Using the tools in a route

app/api/chat/route.ts
import { streamText } from "ai";
import { openai } from "@ai-sdk/openai";
import { ToolGuardError } from "ai-tool-guard";
import { buildTools } from "@/lib/chatbot-tools";

export async function POST(request: Request) {
  const { messages, sessionId } = await request.json();

  // Build a fresh tool set bound to this session's context and risk state.
  const tools = buildTools(sessionId as string);

  try {
    const result = streamText({
      model: openai("gpt-4o-mini"),
      system:
        "You are a helpful customer support agent. " +
        "Never attempt to delete accounts or export bulk data. " +
        "Always confirm order IDs before taking action.",
      messages,
      tools,
      maxSteps: 4,
    });

    return result.toDataStreamResponse();
  } catch (err) {
    if (err instanceof ToolGuardError) {
      const statusMap: Record<string, number> = {
        "policy-denied": 403,
        "injection-detected": 400,
        "rate-limited": 429,
        "arg-validation-failed": 422,
        "output-blocked": 500,
      };

      return Response.json(
        {
          error: "tool_guard_error",
          code: err.code,
          tool: err.toolName,
          message: err.message,
          decision: err.decision
            ? {
                id: err.decision.id,
                matchedRules: err.decision.matchedRules,
                reason: err.decision.reason,
              }
            : undefined,
        },
        { status: statusMap[err.code] ?? 403 }
      );
    }

    console.error("Unexpected error:", err);
    return Response.json({ error: "internal_error" }, { status: 500 });
  }
}

How the layers interact

The guard processes each tool invocation through a fixed pipeline.
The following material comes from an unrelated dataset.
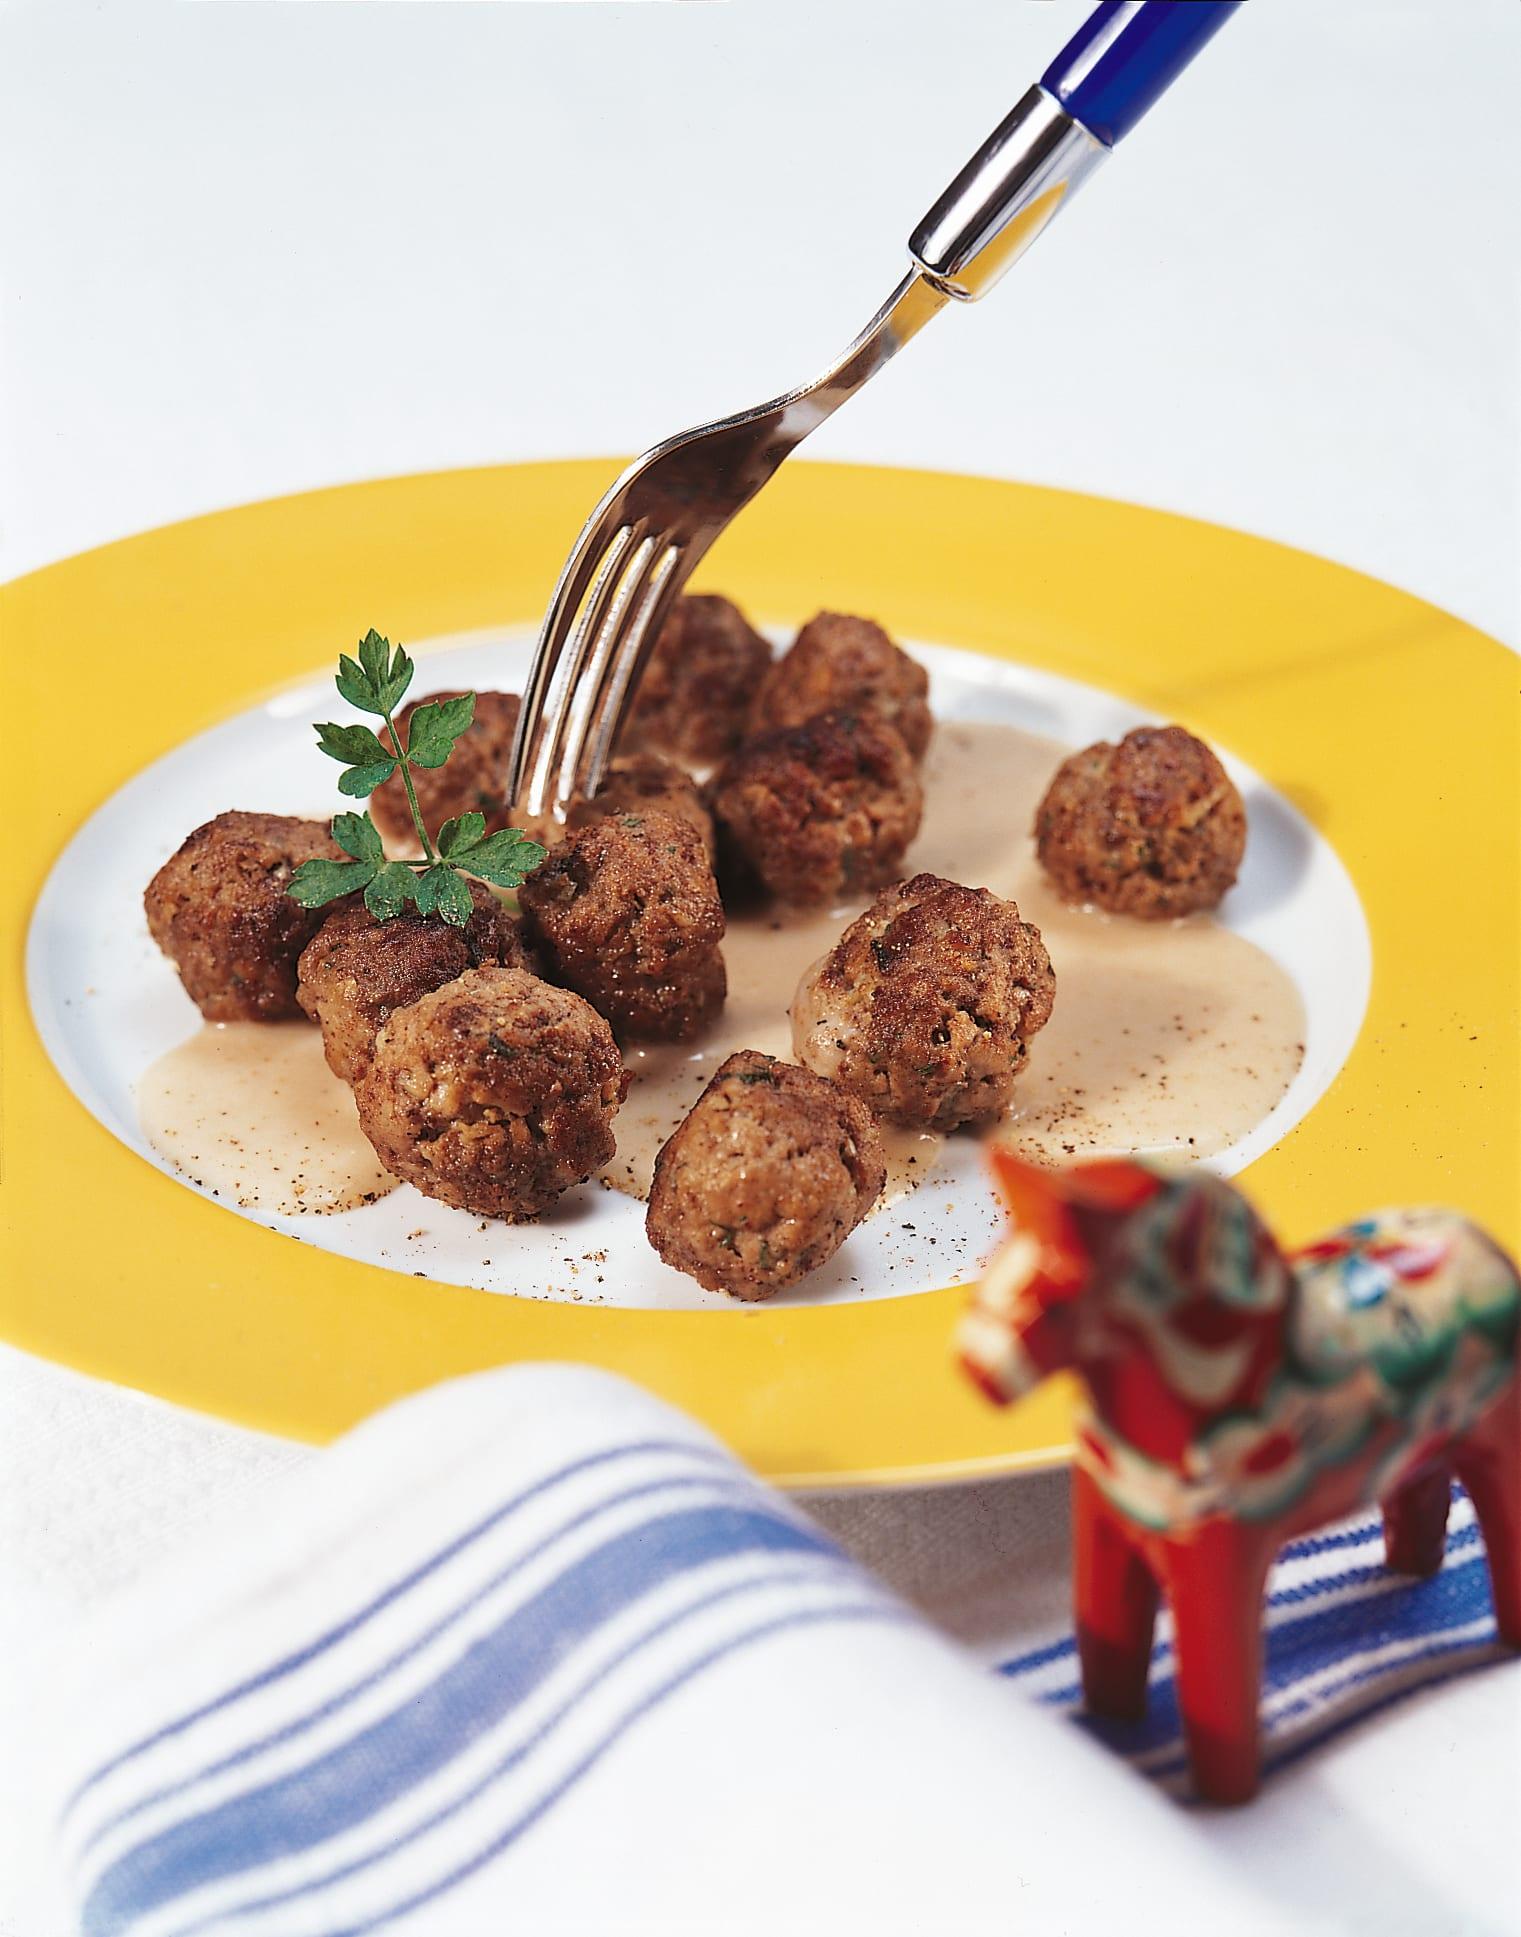 Köttbullar (boulettes de viande hachée)

Understanding the order helps predict which layer fires when multiple conditions are true simultaneously.

Incoming tool call
1. Injection detection  (threshold 0.5, action "deny")
      │ suspected → ToolGuardError("injection-detected")
2. Argument guards  (zodGuard, allowlist, piiGuard)
      │ violation → ToolGuardError("arg-validation-failed")
3. Policy evaluation  (rules in priority order, conversation context)
      │ deny   → ToolGuardError("policy-denied")
      │ approval → onApprovalRequired callback
4. Rate limiting  (per-tool maxCalls / windowMs)
      │ exceeded → ToolGuardError("rate-limited")
5. Tool execution
6. Output filters  (secretsFilter, piiOutputFilter)
      │ blocked → ToolGuardError("output-blocked")
Final result returned to the model

Conversation risk score

The riskScore stored in the session context is updated in onDecision after every denial. Once it exceeds 0.8, a high-priority deny rule fires for all subsequent tool calls in that session, regardless of the tool's own risk level. This provides a circuit-breaker against adversarial conversation loops.

piiGuard on input vs piiOutputFilter on output

piiGuard (applied via argGuards) blocks calls where the model passes PII in the arguments. piiOutputFilter (applied via outputFilters) redacts PII from the tool's return value before the model sees it. Use both together for end-to-end PII coverage.